Based on the current situation and limitation of AD therapies above mentioned, antioxidants are recommended to reduce oxidative stress, chronic inflammation, and release and toxicity of glutamate, and aspirin can enhance anti-inflammation effects of antioxidants. Therefore, addition of a multiple micronutrient preparation and a low-dose aspirin in combination with standard therapy may prolong the beneficial effects of current drugs in patients with dementia with or without AD by protecting surviving neurons from damage produced by increased oxidative stress, chronic inflammation, and glutamate. The proposed combination of micronutrients recommended for primary prevention is applicable to those who are at the various stages of AD and taking medications.
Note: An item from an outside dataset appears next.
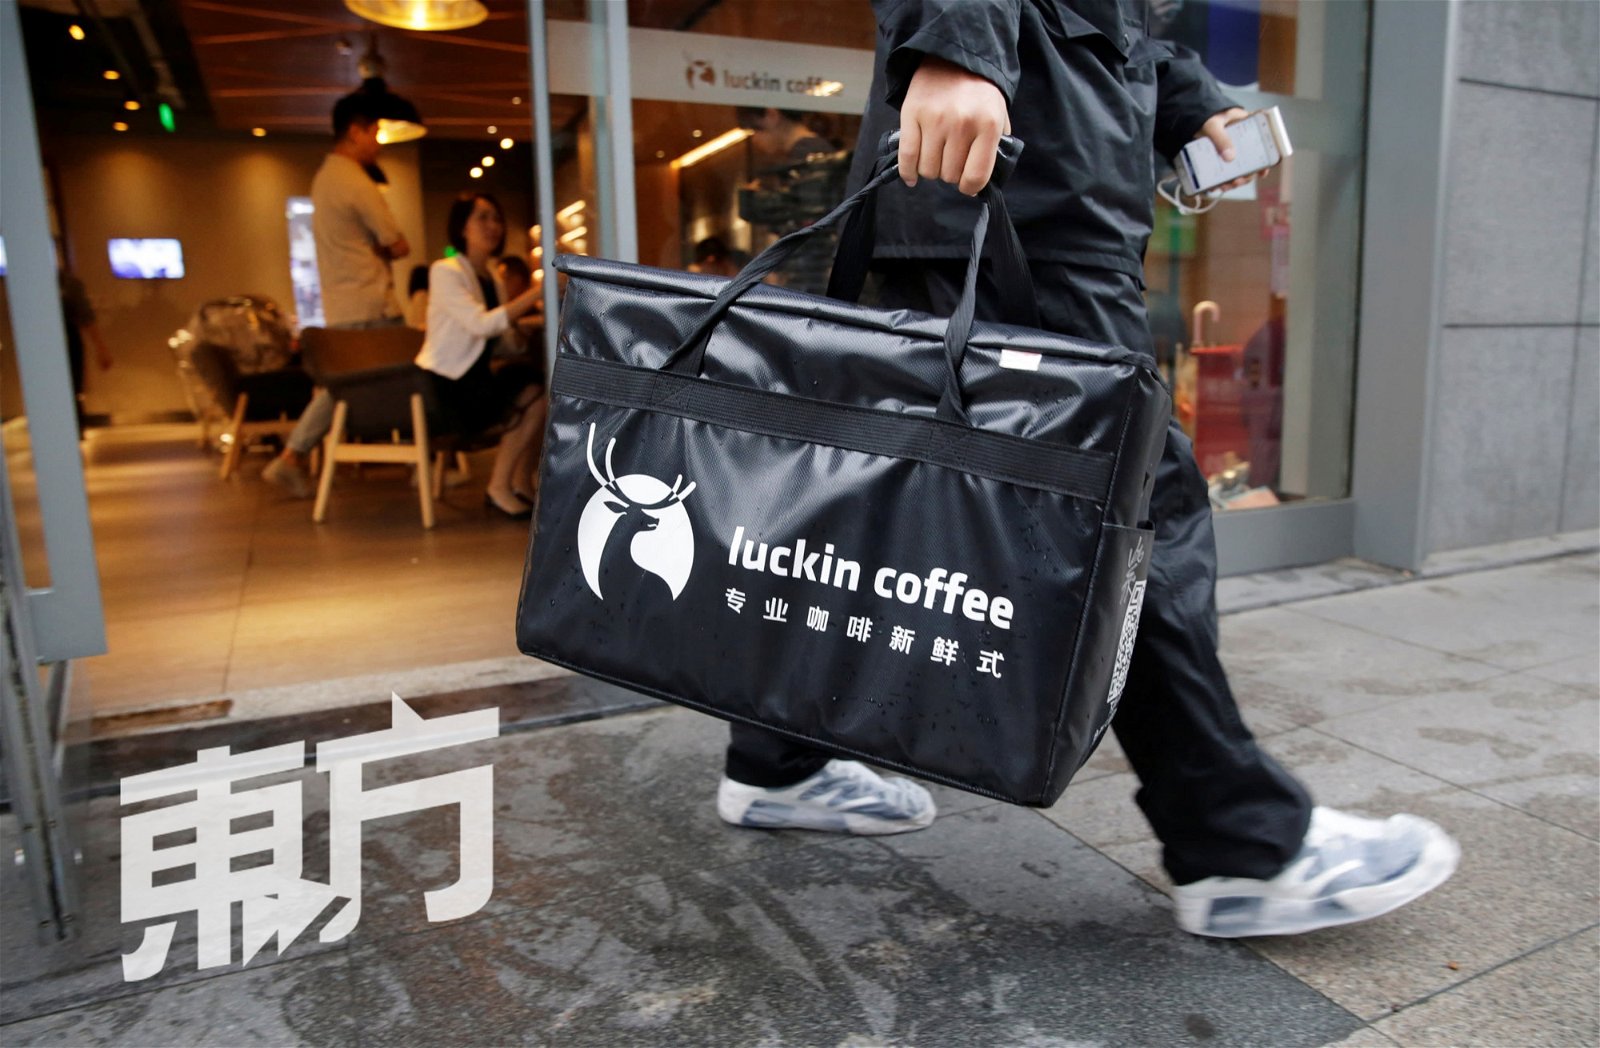 瑞幸咖啡（Luckin coffee）提供的数据显示，该品牌在不到一年内吸引了1200万消费者，售出咖啡总数超过8500万杯。分店方面，知名连锁咖啡星巴克（Starbucks）用了20年的时间在中国开了逾3000间门店，而瑞幸只用了一年就开了2000间，目前更冲破3000家门店。
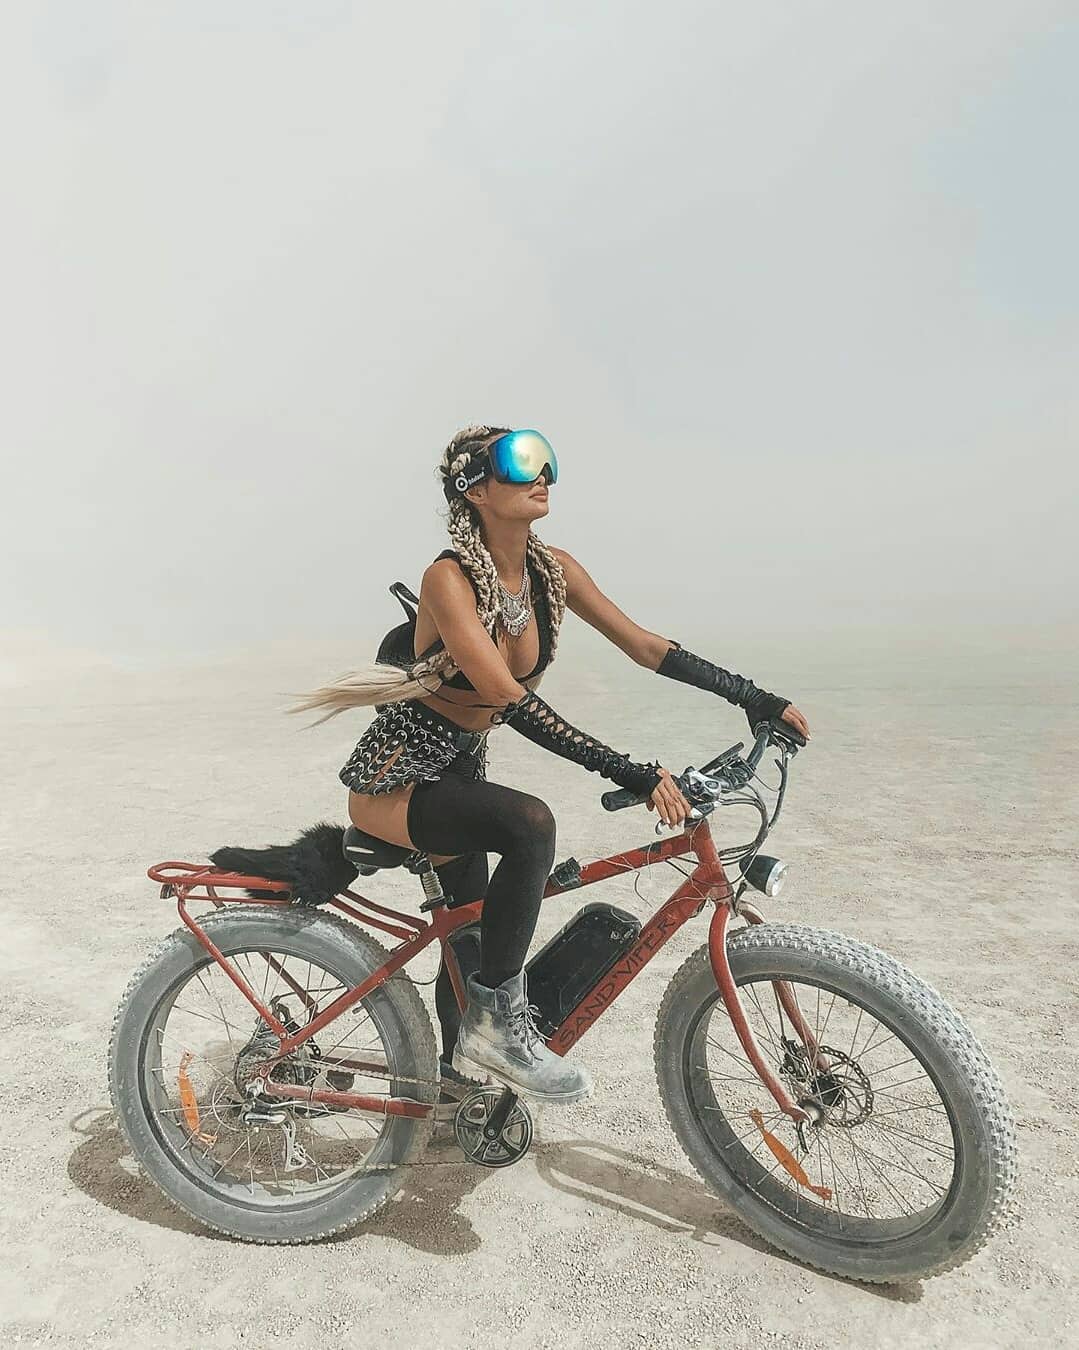 Burning Man 2019 7 festival ocio musica futurismo estilo de vida viajar veano

The daily doses are divided into two doses (half in the morning and half in the evening preferably with meal) and are administered orally (Table 1).

TABLE 1: The useful supplementary multiple micronutrient and dietary strategy for AD prevention.

In most studies, the serum levels of vitamin B12 in AD patients were significantly lower than that of controls, and this may in part contribute to degeneration of neurons [6]. Indeed, vitamin B12 supplementation increased choline acetyltransferase activity in cholinergic neurons of cats [7] and improved cognitive functions in AD patients [11]. An analysis of published data revealed that there was no adequate benefit from folic acid supplementation with or without vitamin B12 on cognitive function or mood of healthy elderly people [12]. So, appropriate vitamin B12 supplementation can increase the activity of choline acetyltransferase, thus would do good to the improvement of cognitive functions of AD patients.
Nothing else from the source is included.